TASK GOAL: From the data below, return only the lines from the one with "Optimising Rep Locations via Map" through the one with "Новый трейлер Metallic", exact and inclusive, with pictures left out.
─── DATA FOR THE TASK ───
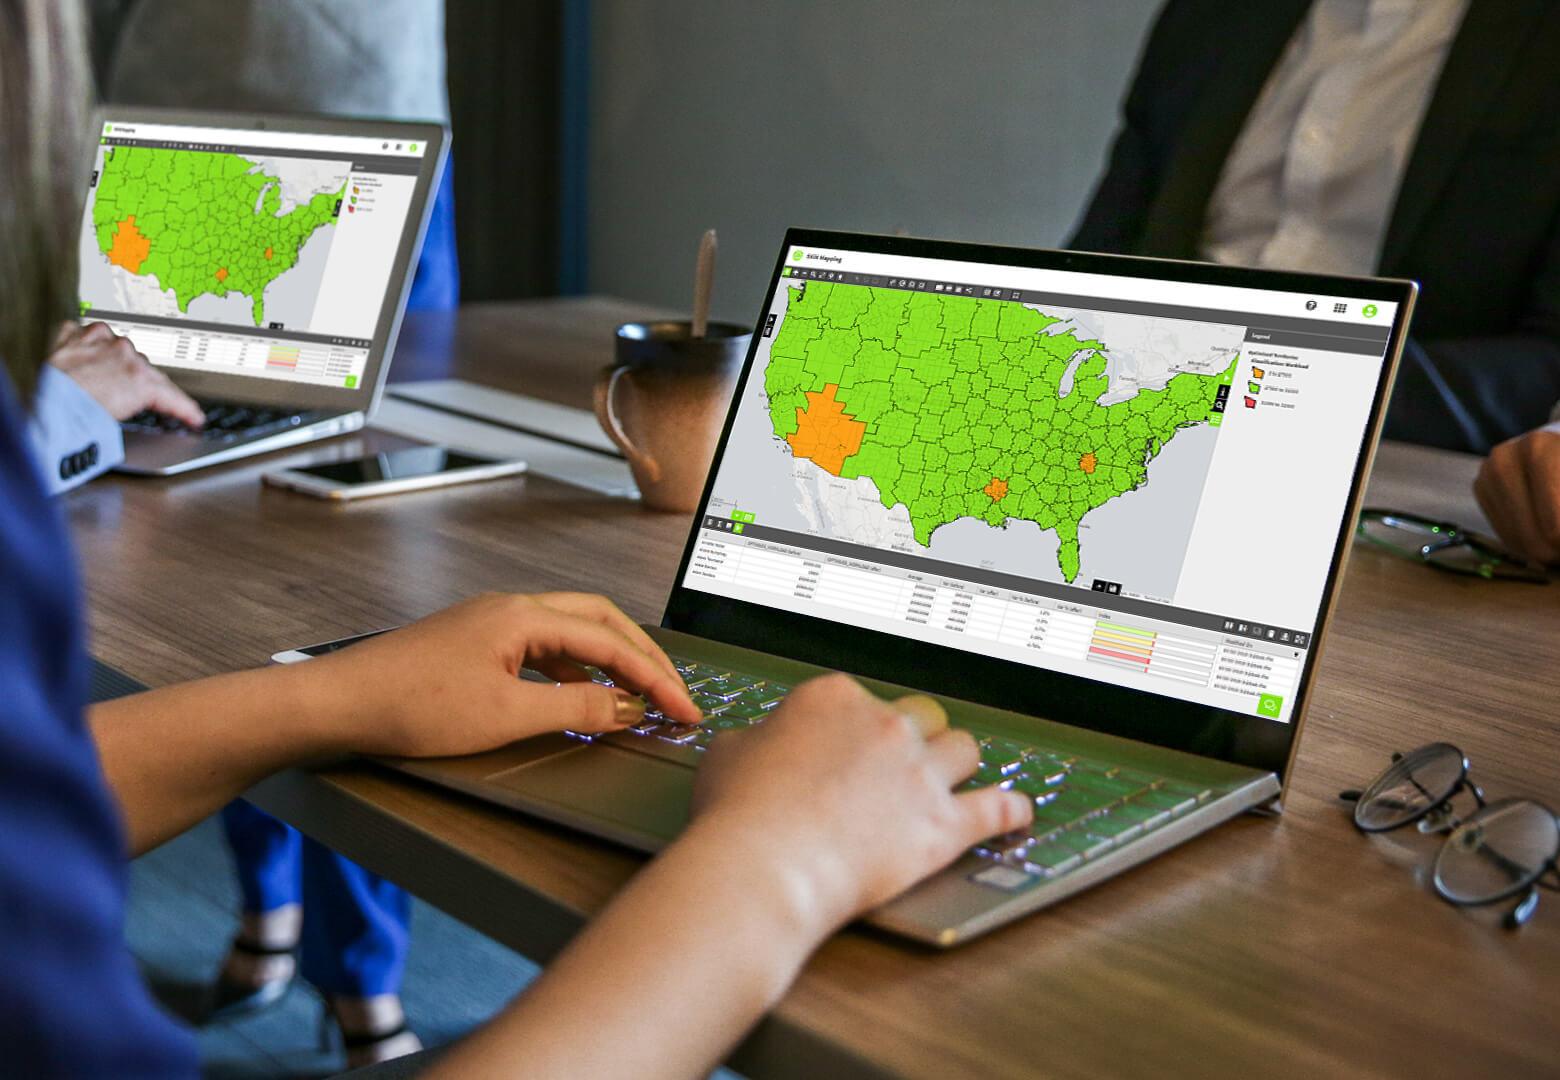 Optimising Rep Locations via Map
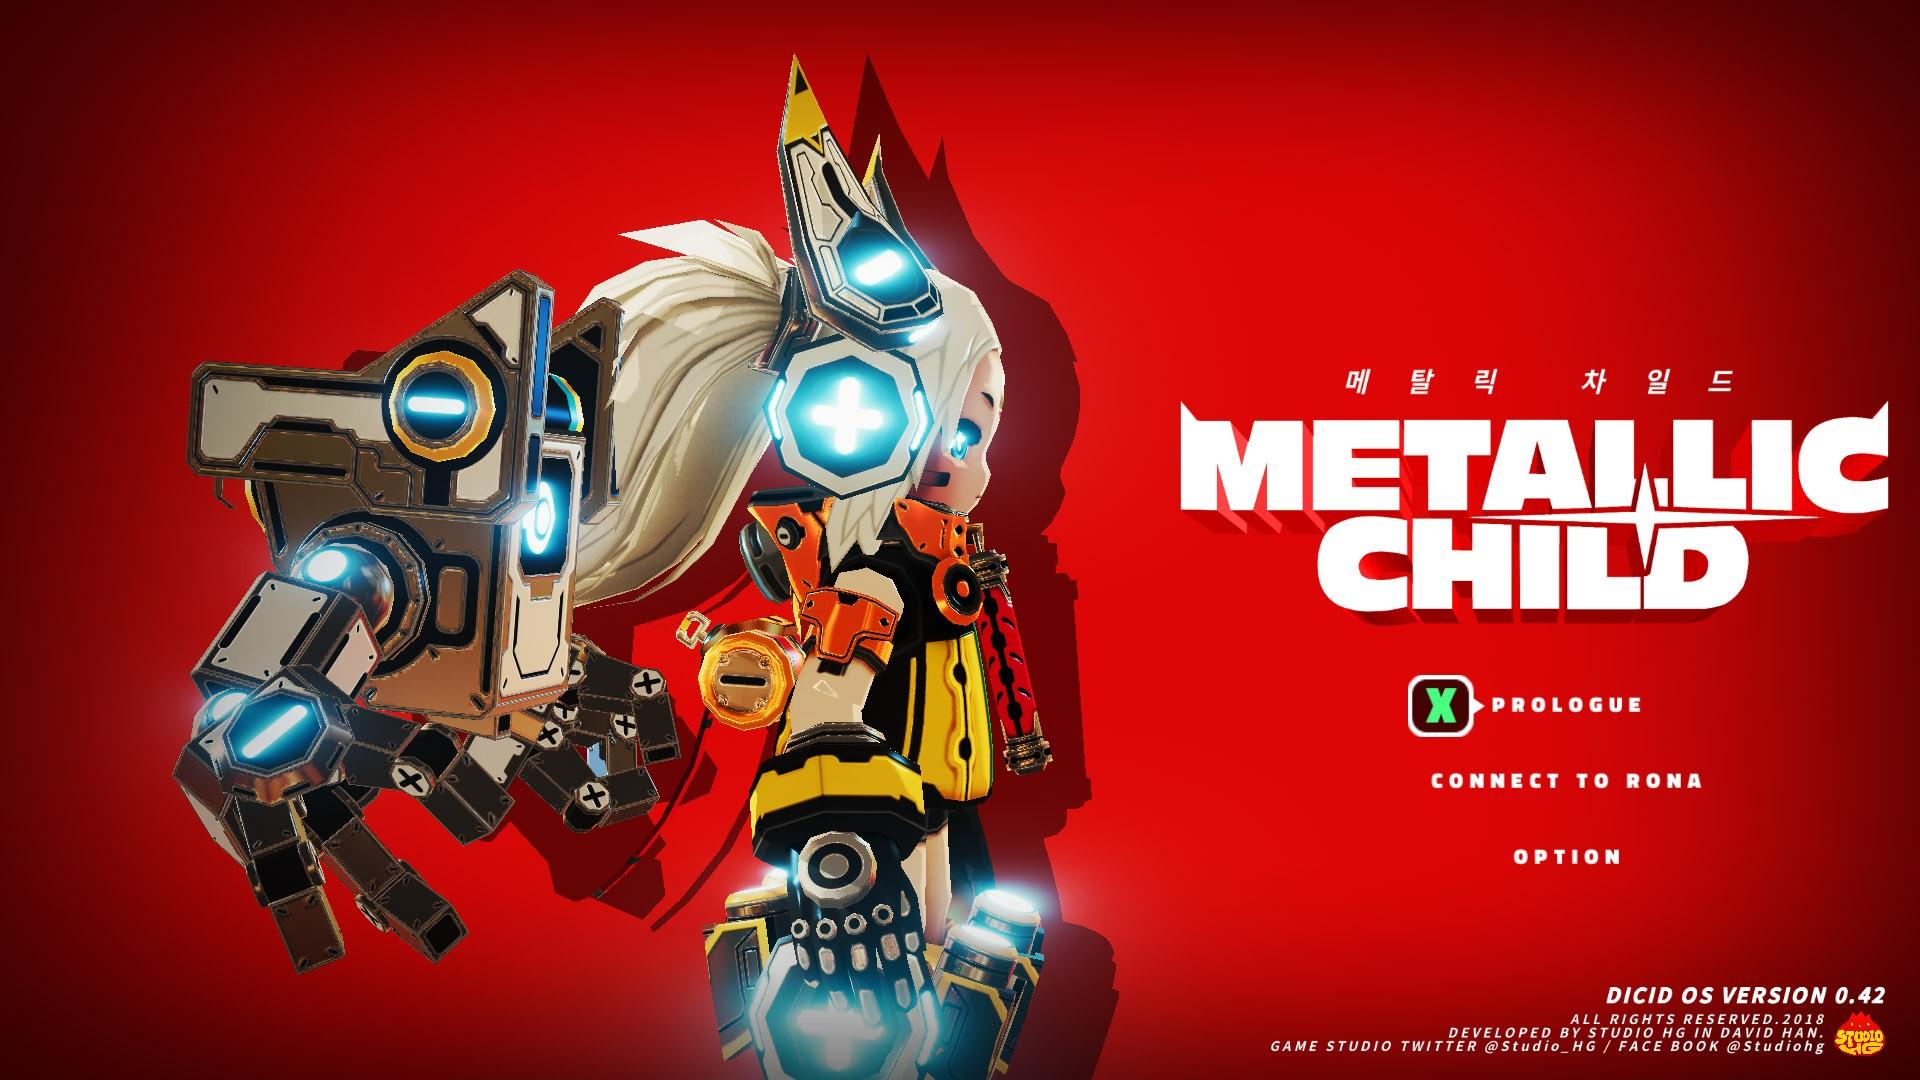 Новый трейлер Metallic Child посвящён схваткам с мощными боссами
───
─── DATA FOR THE TASK ───
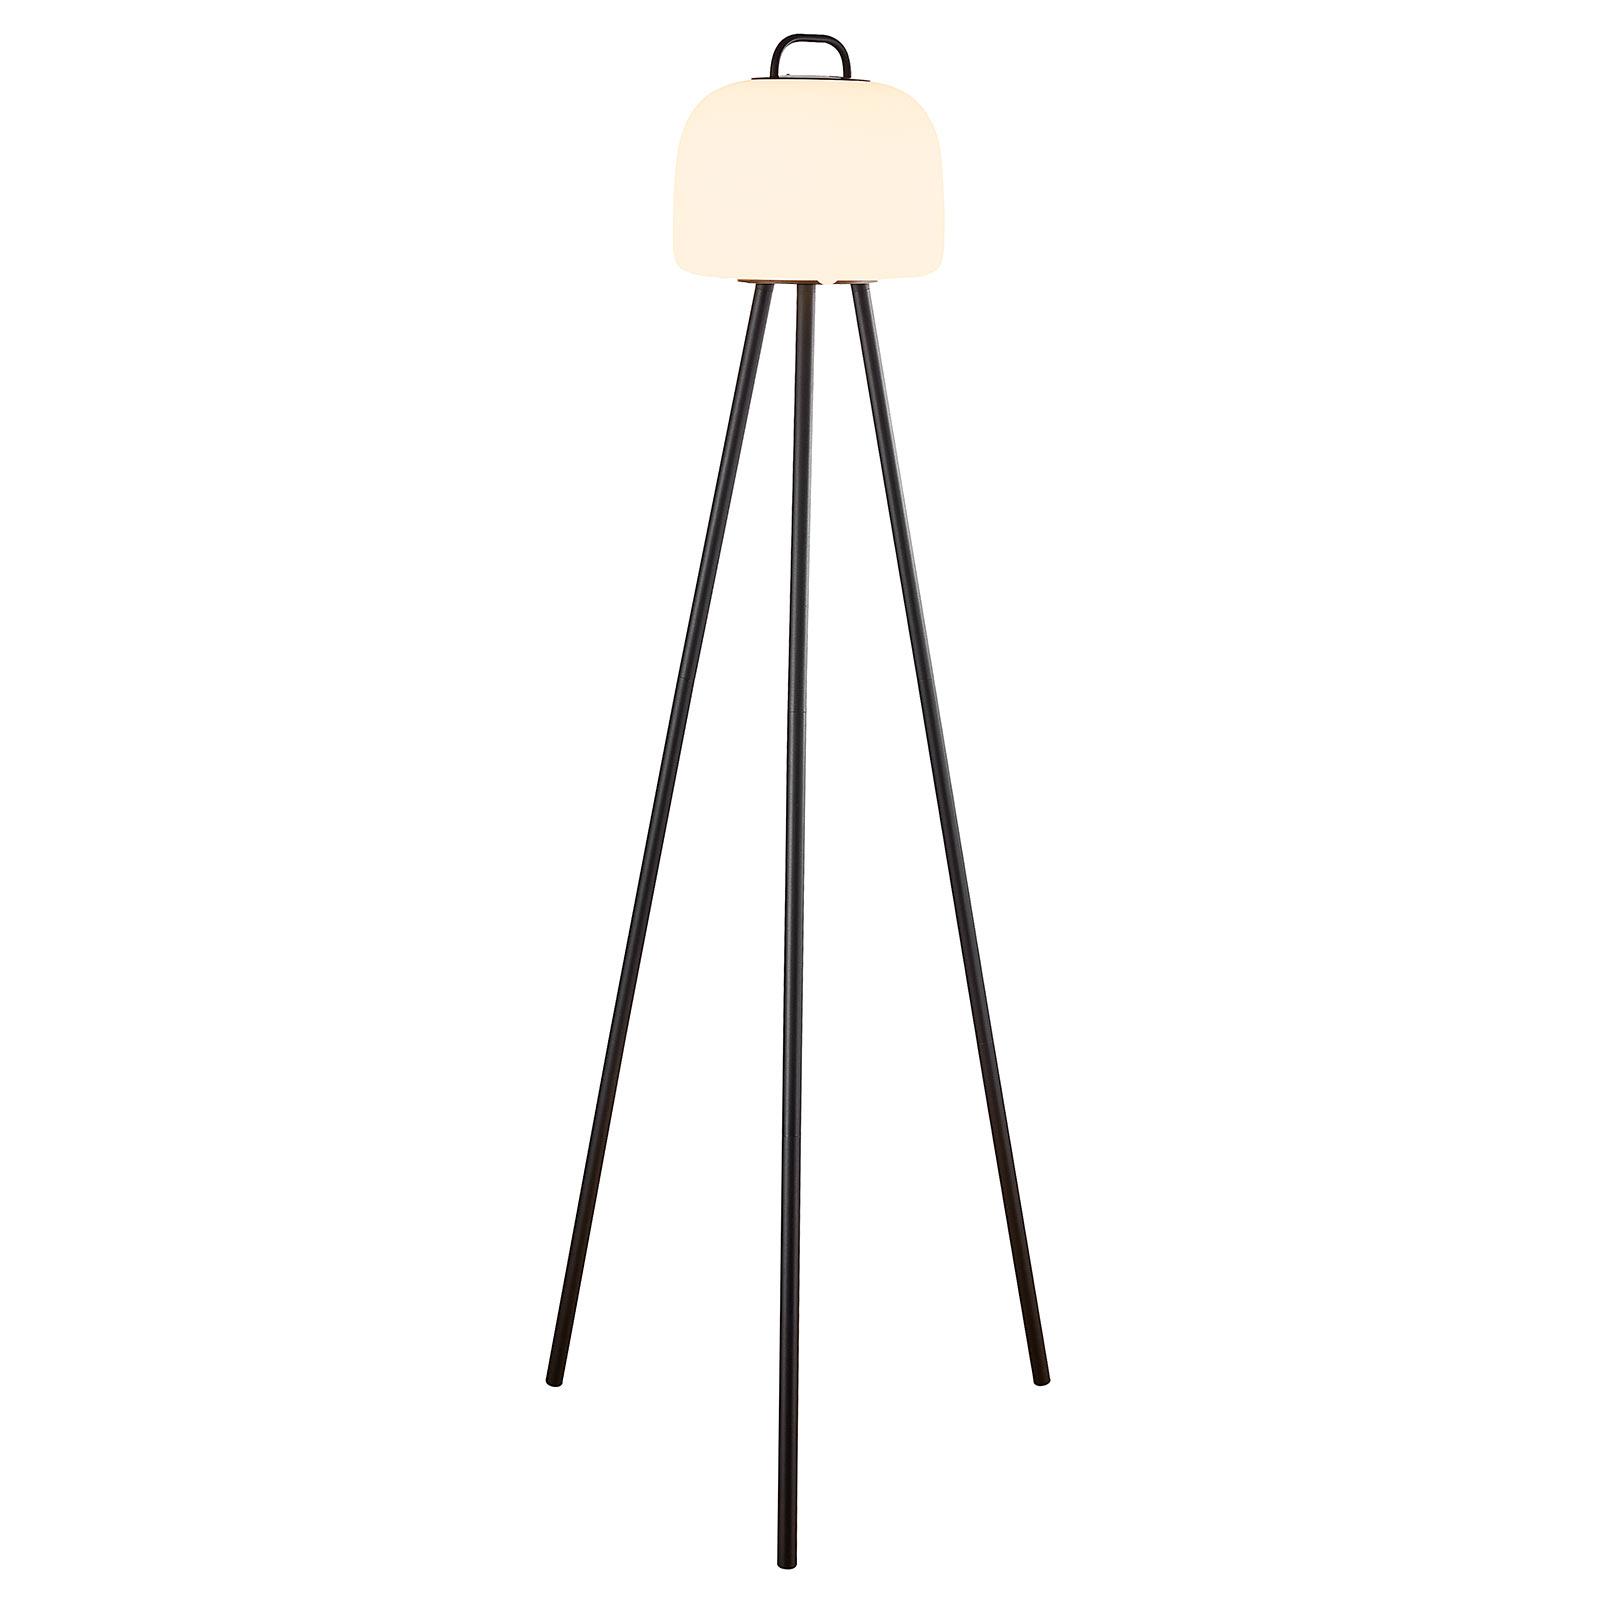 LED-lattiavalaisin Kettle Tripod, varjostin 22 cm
───
OUTPUT BELOW:
 Optimising Rep Locations via Map
 Новый трейлер Metallic Child посвящён схваткам с мощными боссами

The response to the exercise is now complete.